> [DATA FOR REVIEW]
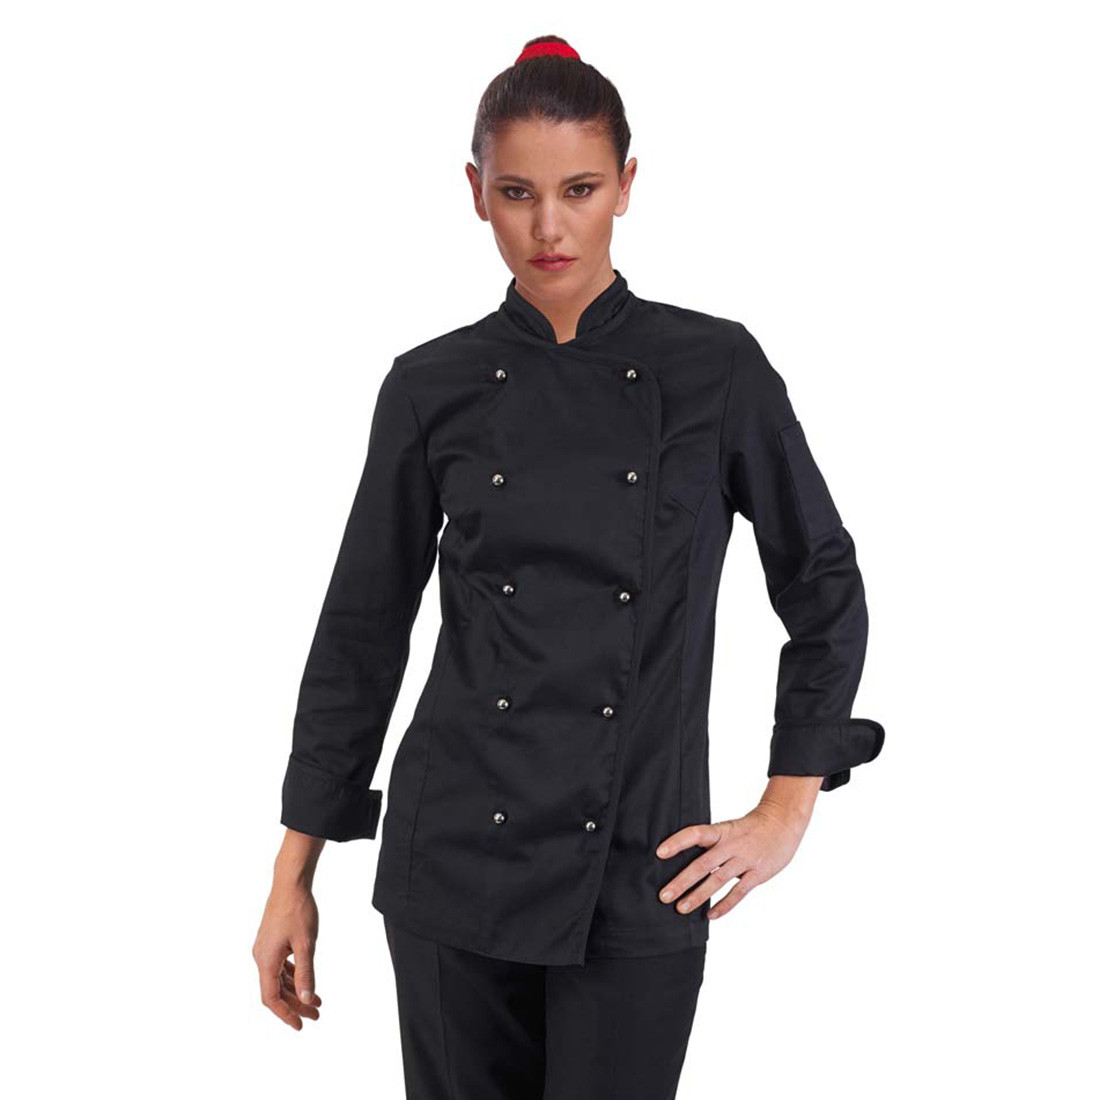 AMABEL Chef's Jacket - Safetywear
==
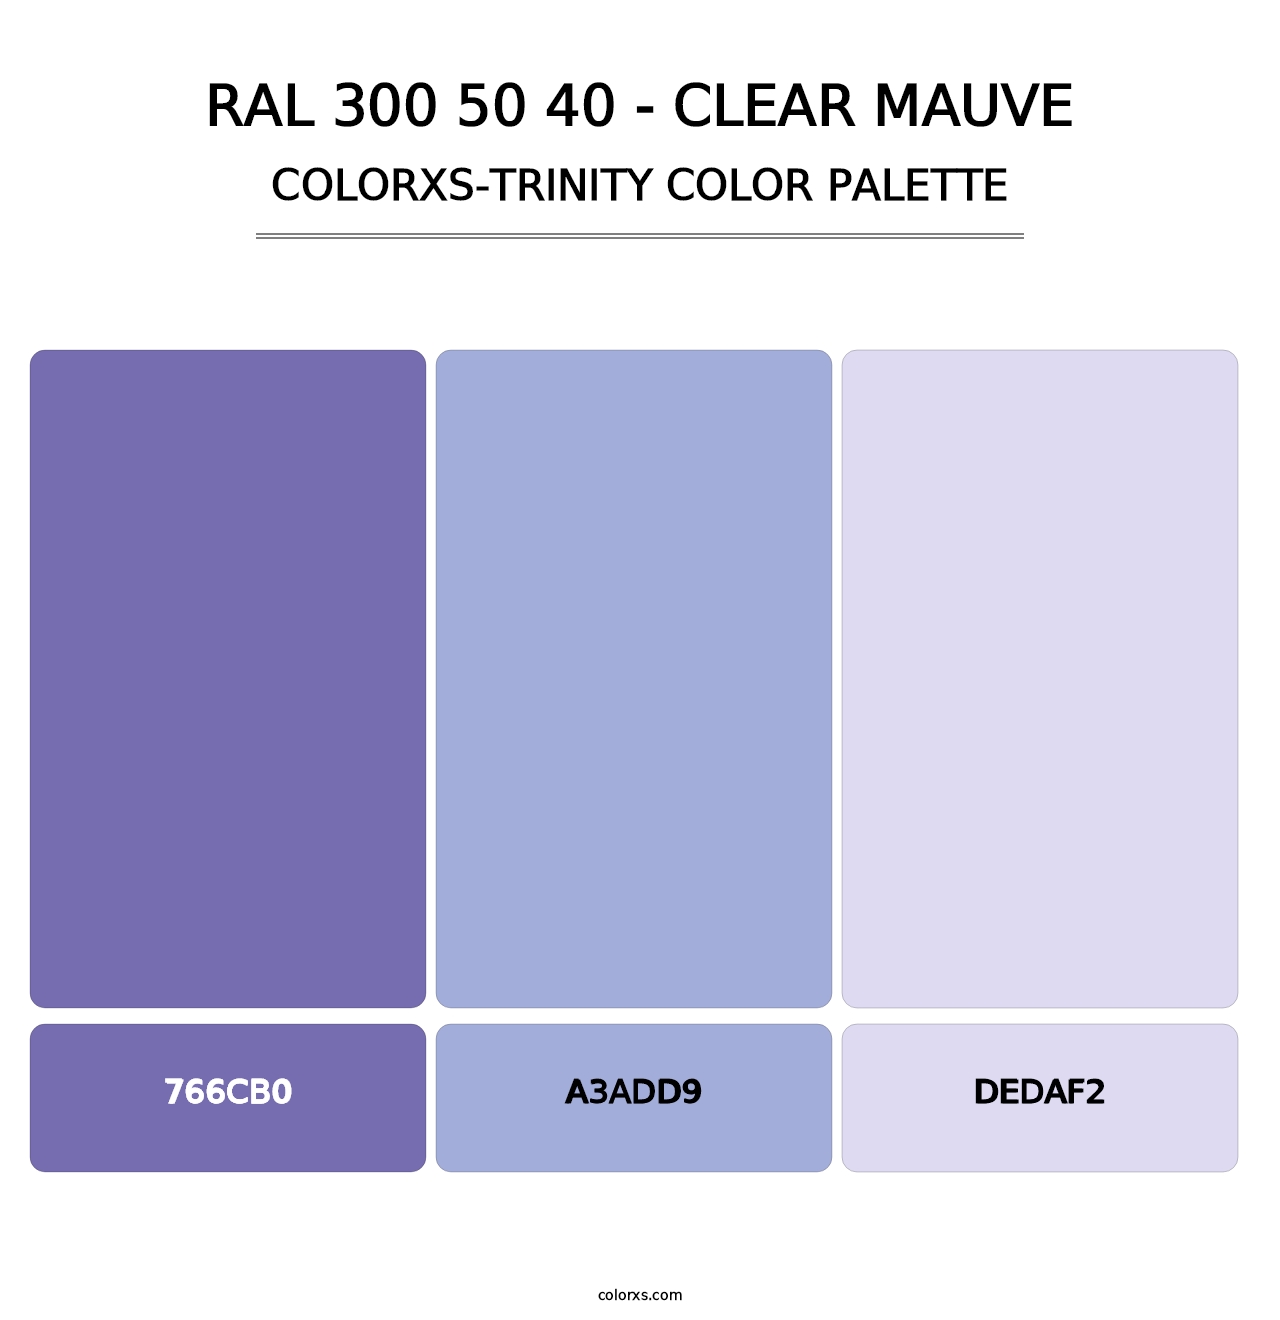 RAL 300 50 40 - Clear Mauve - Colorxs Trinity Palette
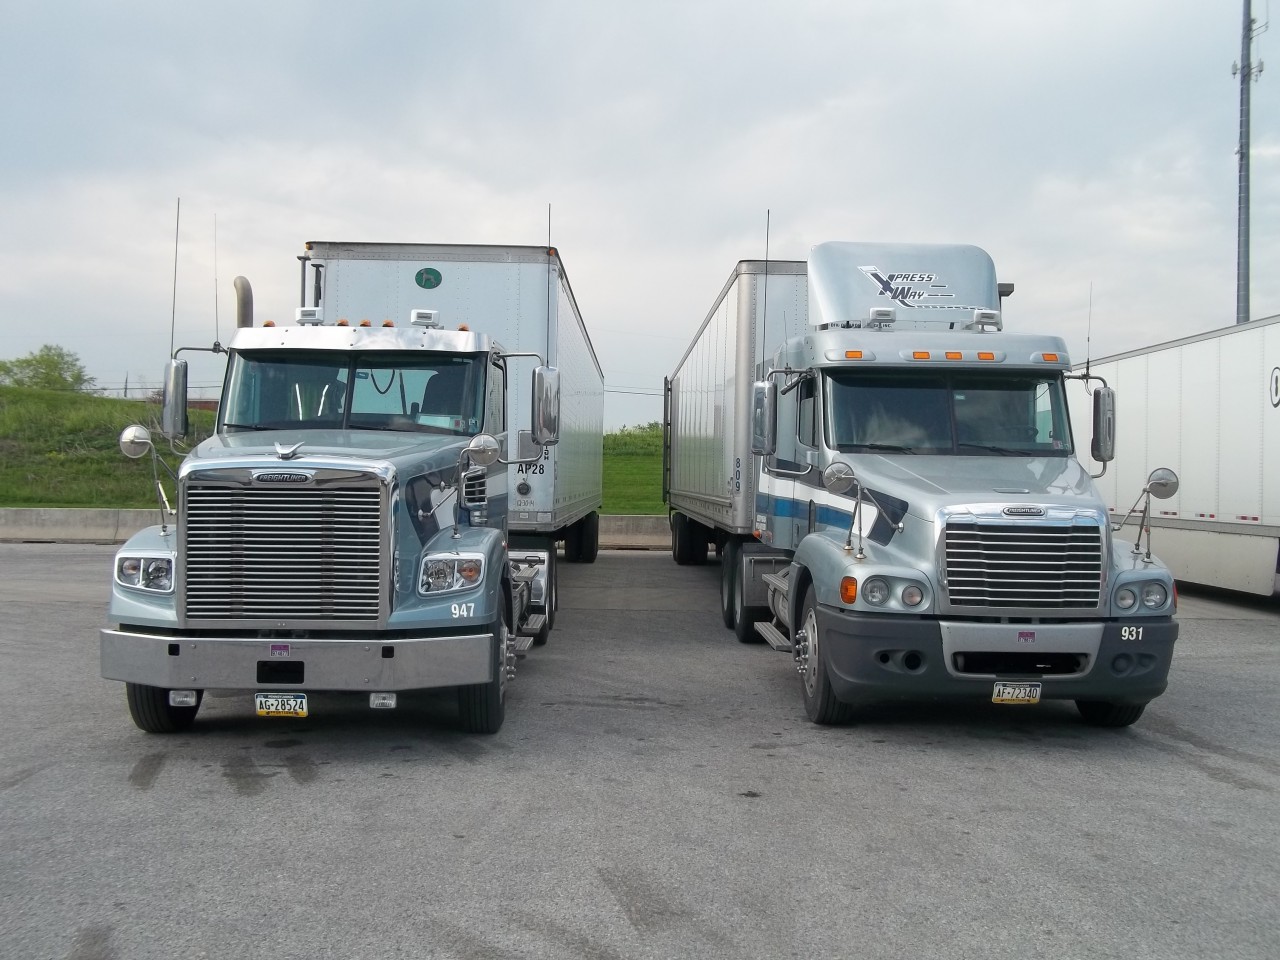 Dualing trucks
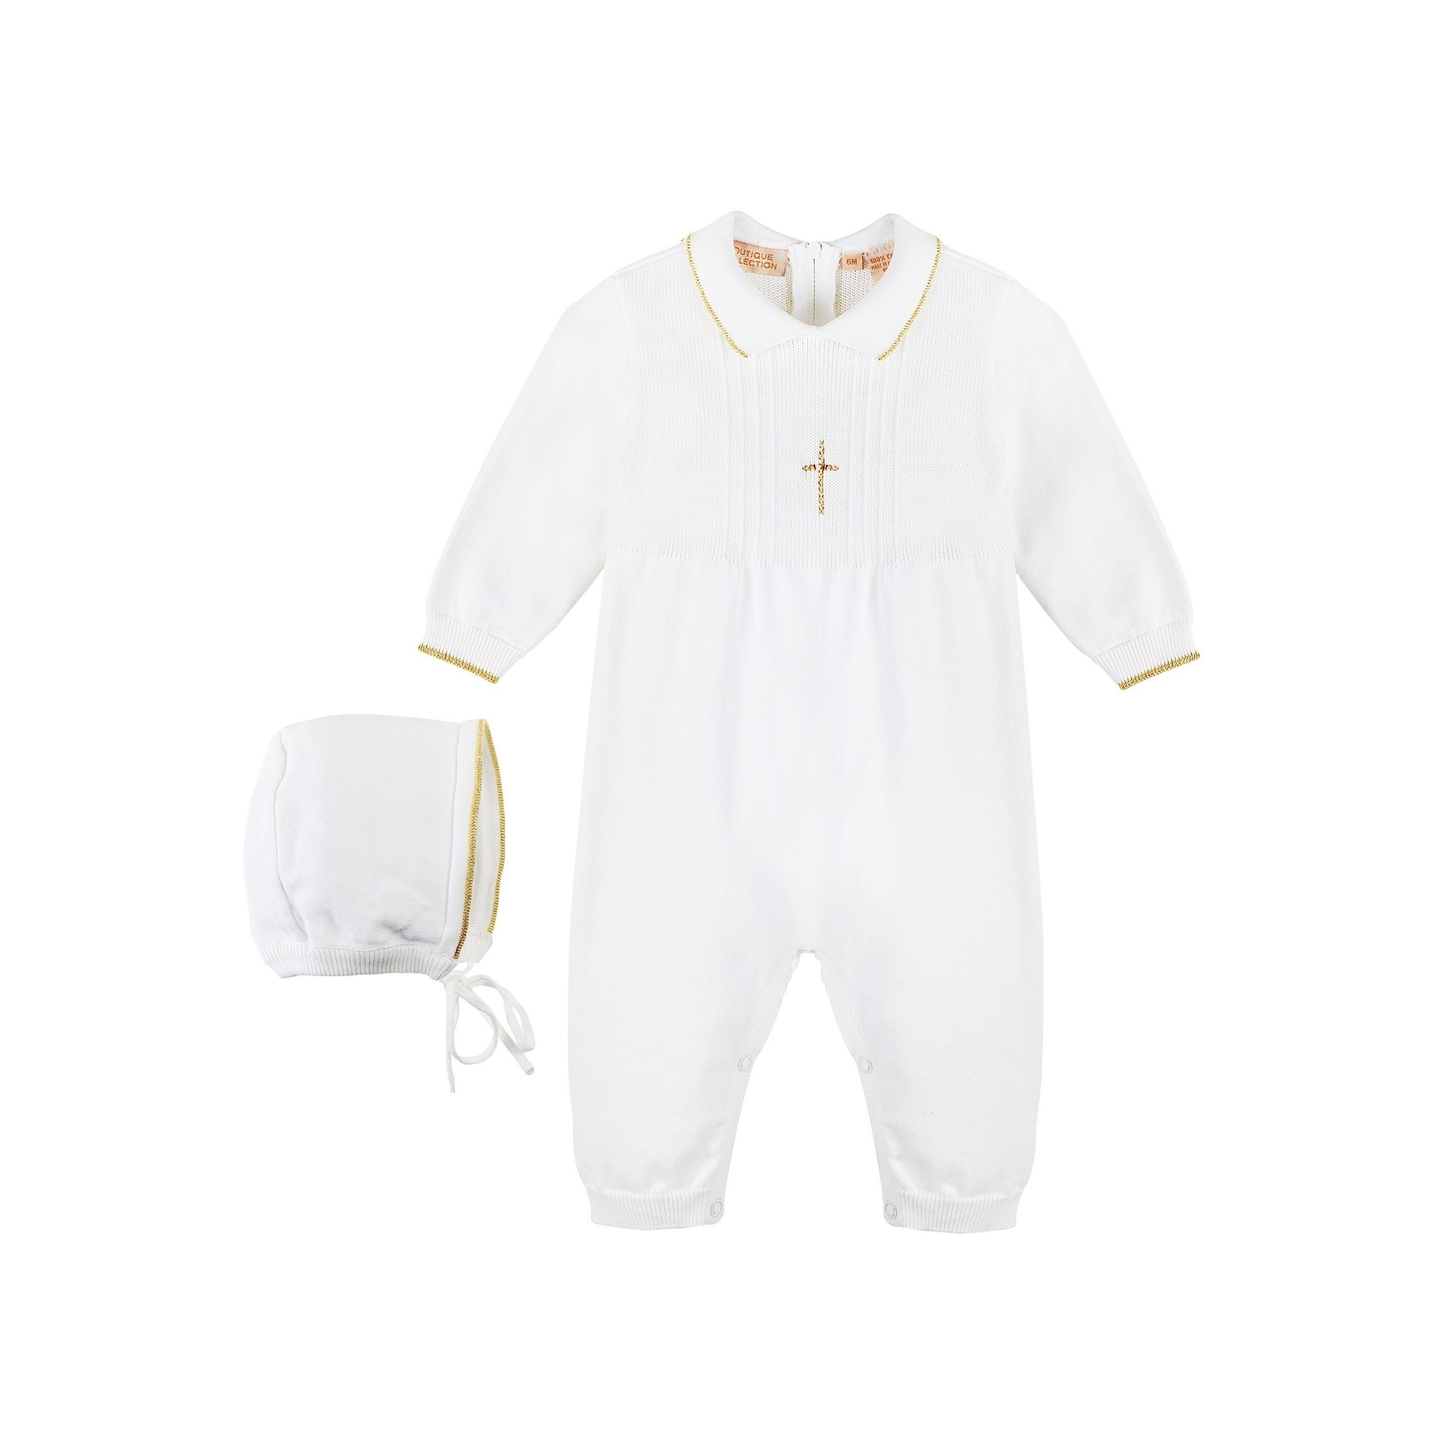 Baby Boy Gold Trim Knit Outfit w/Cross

> [WORK INSTRUCTIONS]
Only the lines above from the one containing "RAL 300 50 40" through the one containing "Baby Boy Gold Trim Knit Outfit w/Cross" should be returned, verbatim and inclusive, with pictures excluded.

> [EXERCISE RESPONSE]
 RAL 300 50 40 - Clear Mauve - Colorxs Trinity Palette
 Dualing trucks
 Baby Boy Gold Trim Knit Outfit w/Cross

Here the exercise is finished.